Prompt: In the entries below, find the line with "Vakantiepark Molke - Trekkershut" and the line with "Area of blown", then retype both and everything between them exactly. Do not copy the pictures.

Supplied material:
______________________________
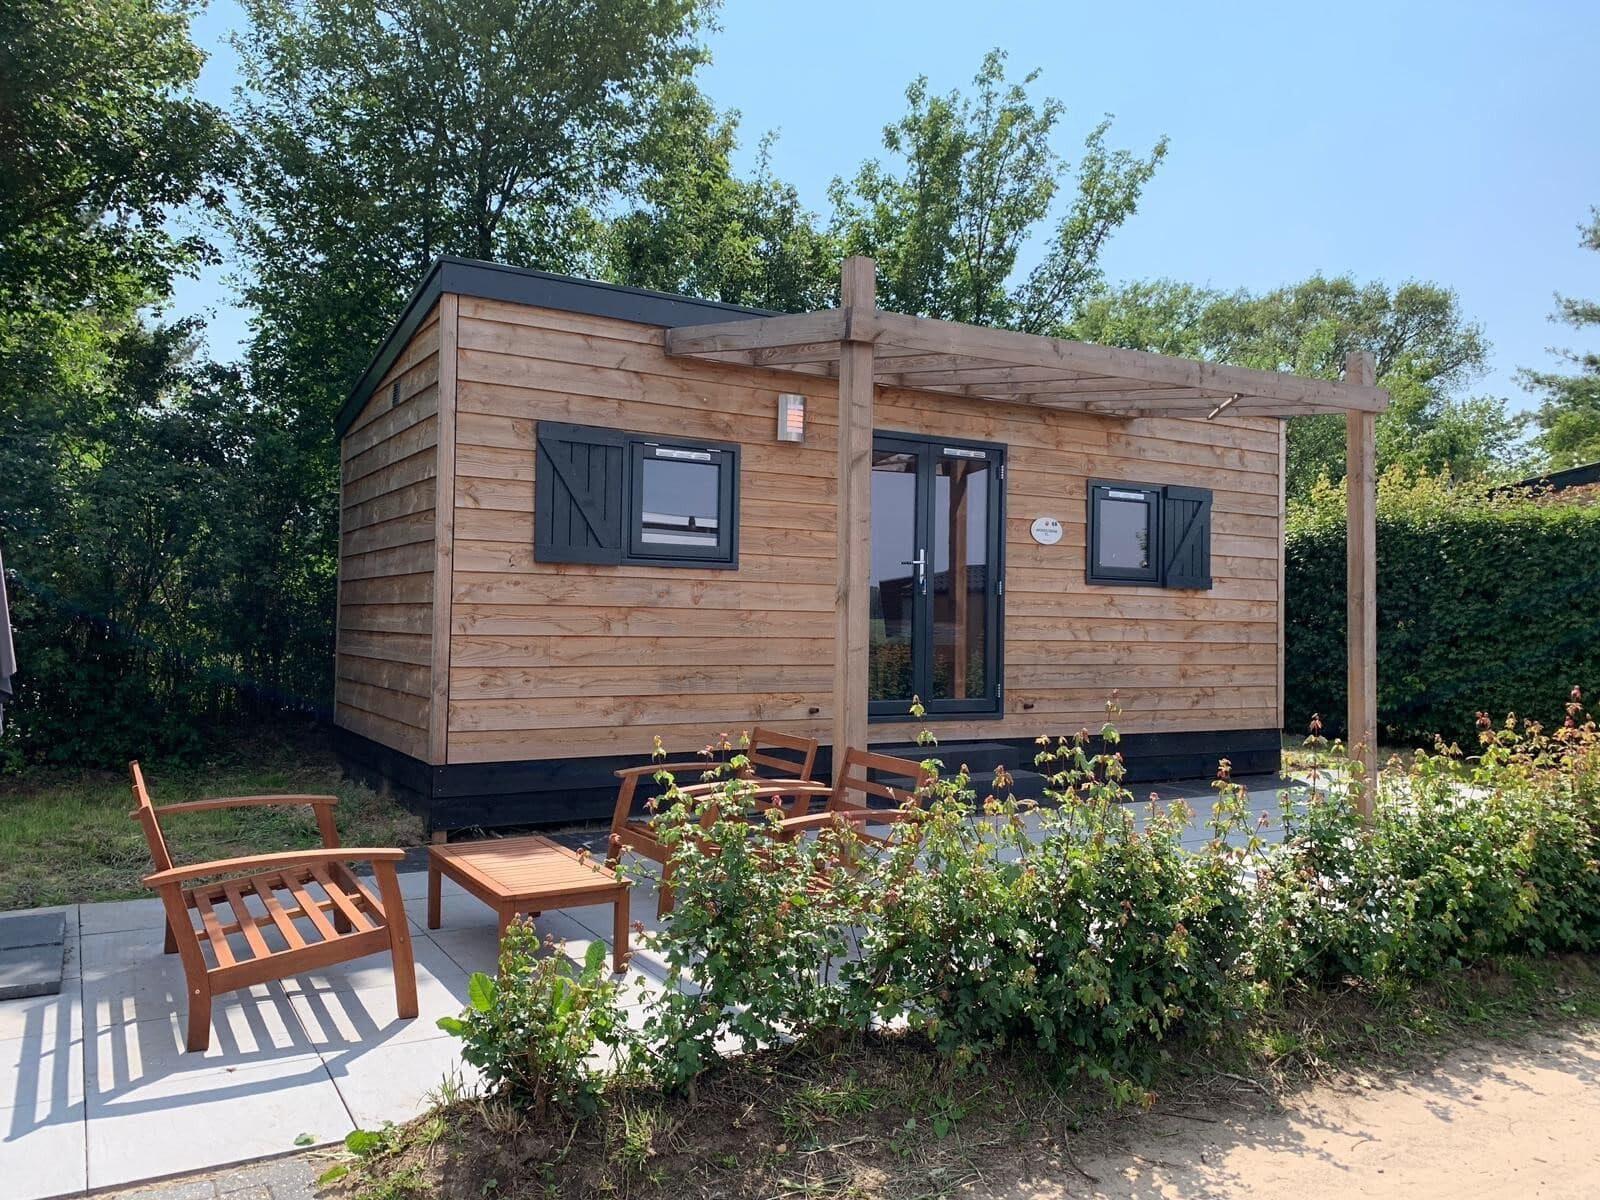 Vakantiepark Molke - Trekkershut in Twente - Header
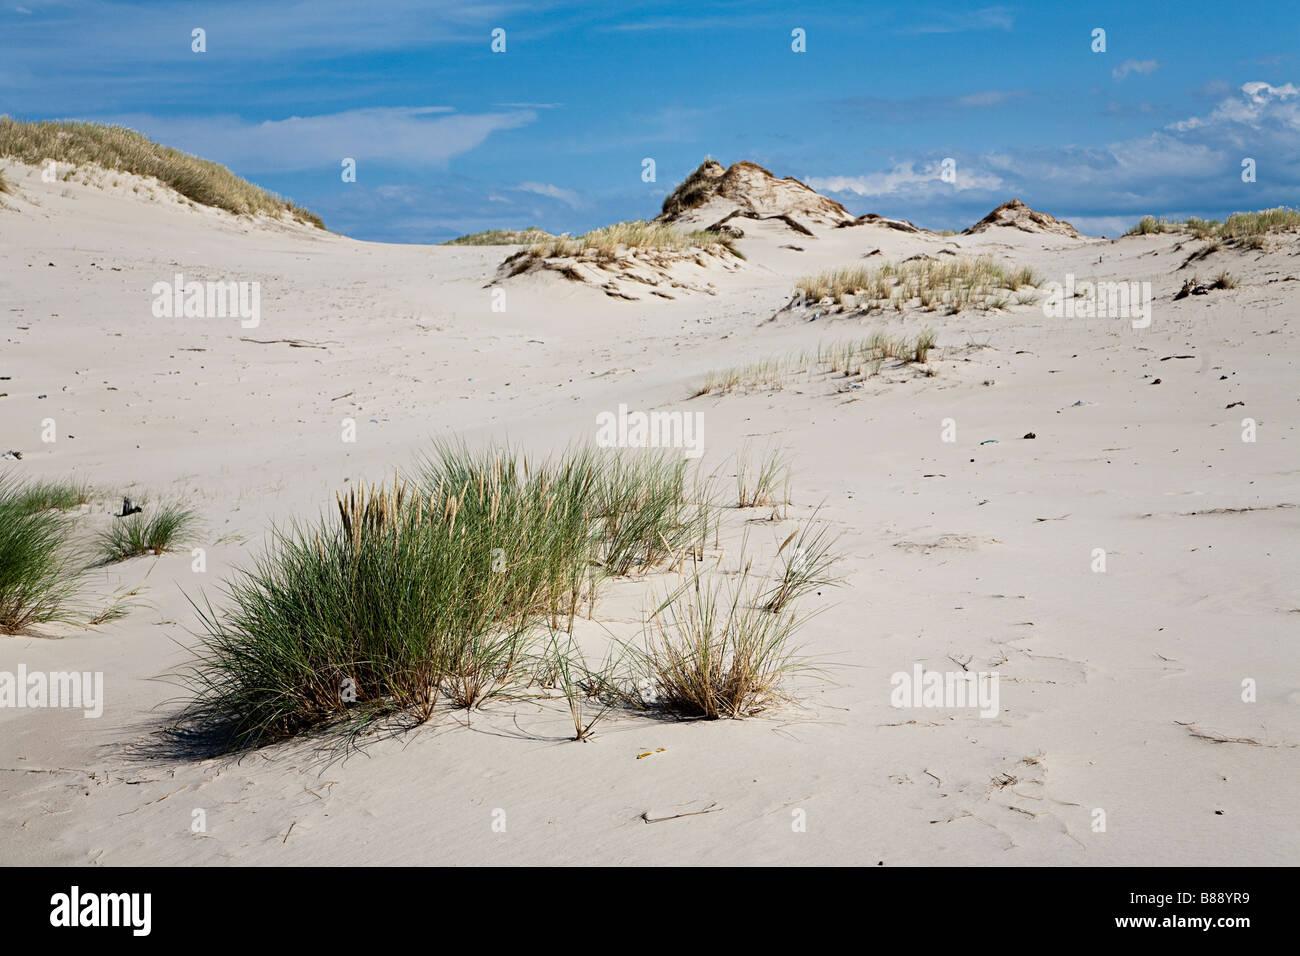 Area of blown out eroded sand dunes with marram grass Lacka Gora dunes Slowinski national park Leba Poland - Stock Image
______________________________
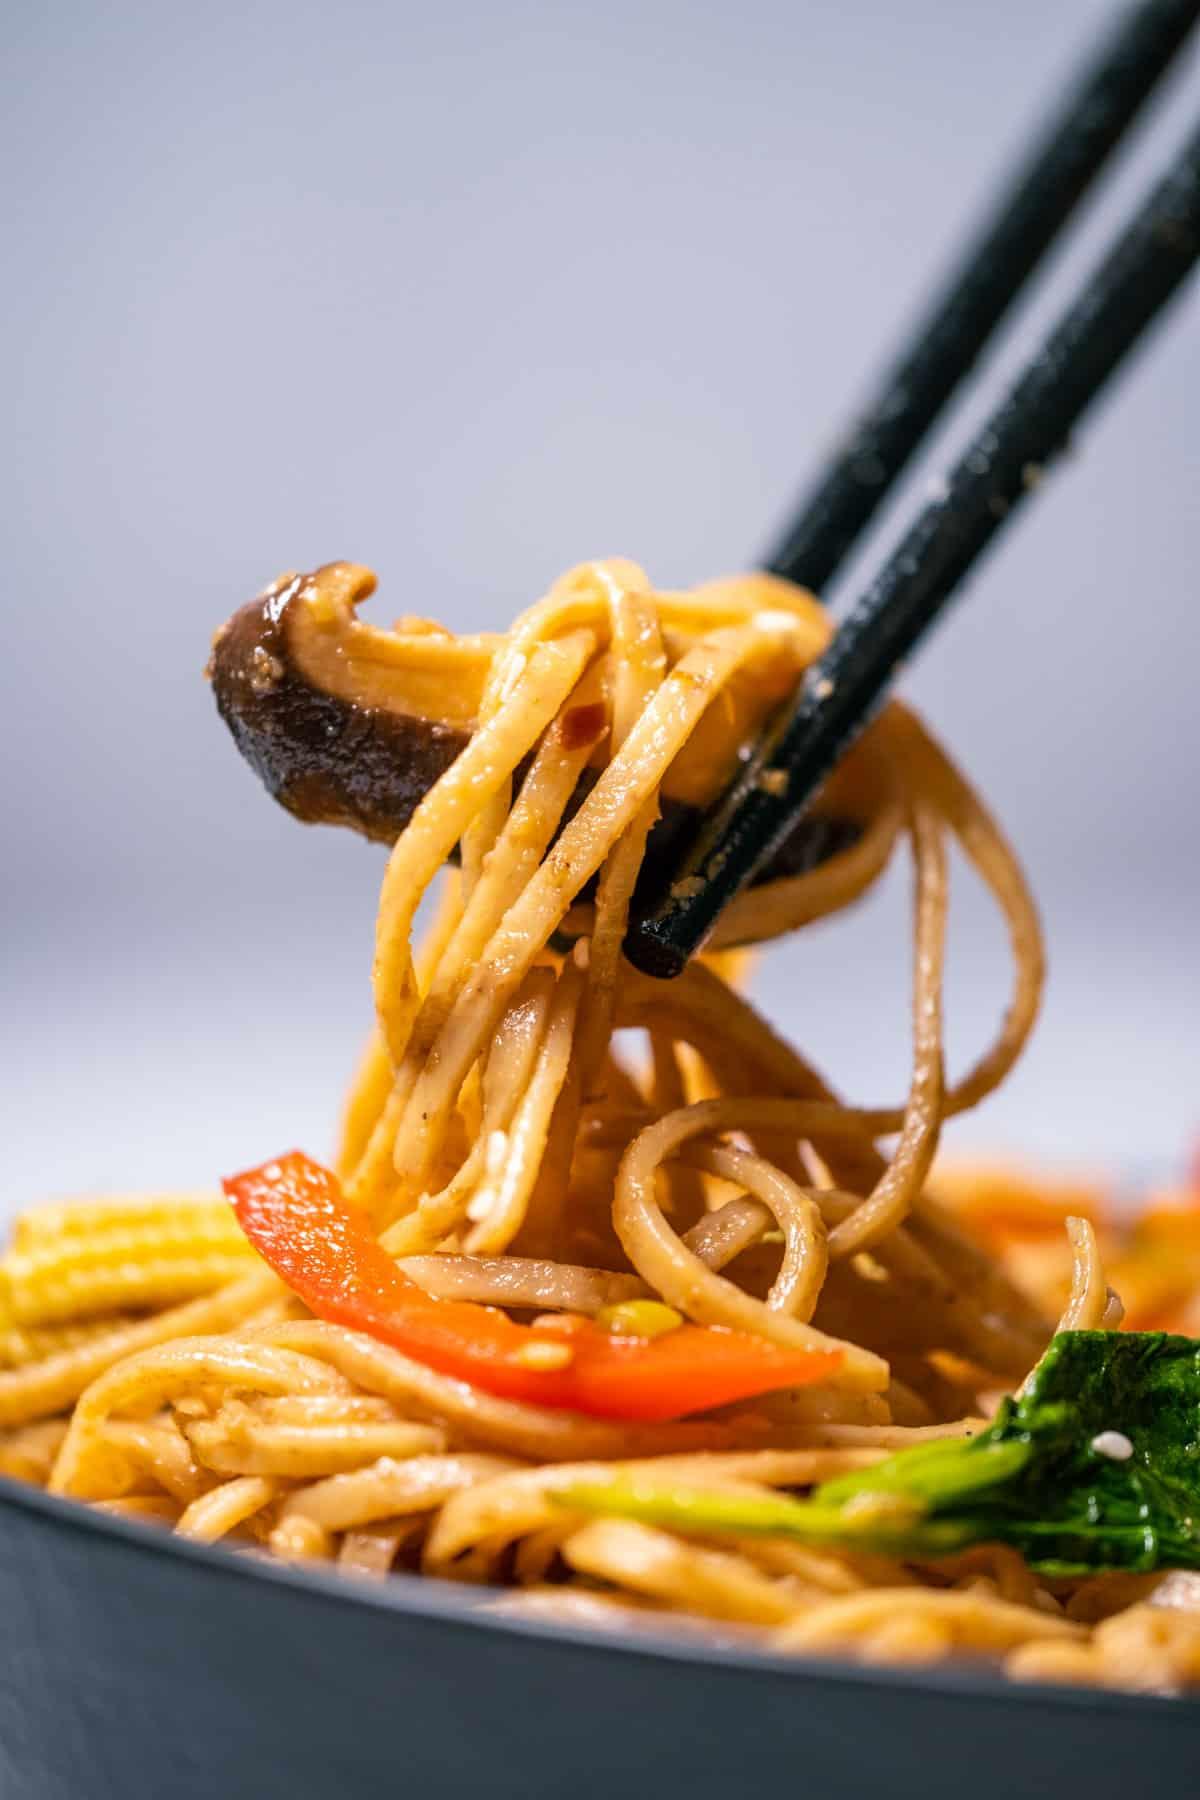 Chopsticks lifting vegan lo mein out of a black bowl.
______________________________
Output for this task:
 Vakantiepark Molke - Trekkershut in Twente - Header
 Area of blown out eroded sand dunes with marram grass Lacka Gora dunes Slowinski national park Leba Poland - Stock Image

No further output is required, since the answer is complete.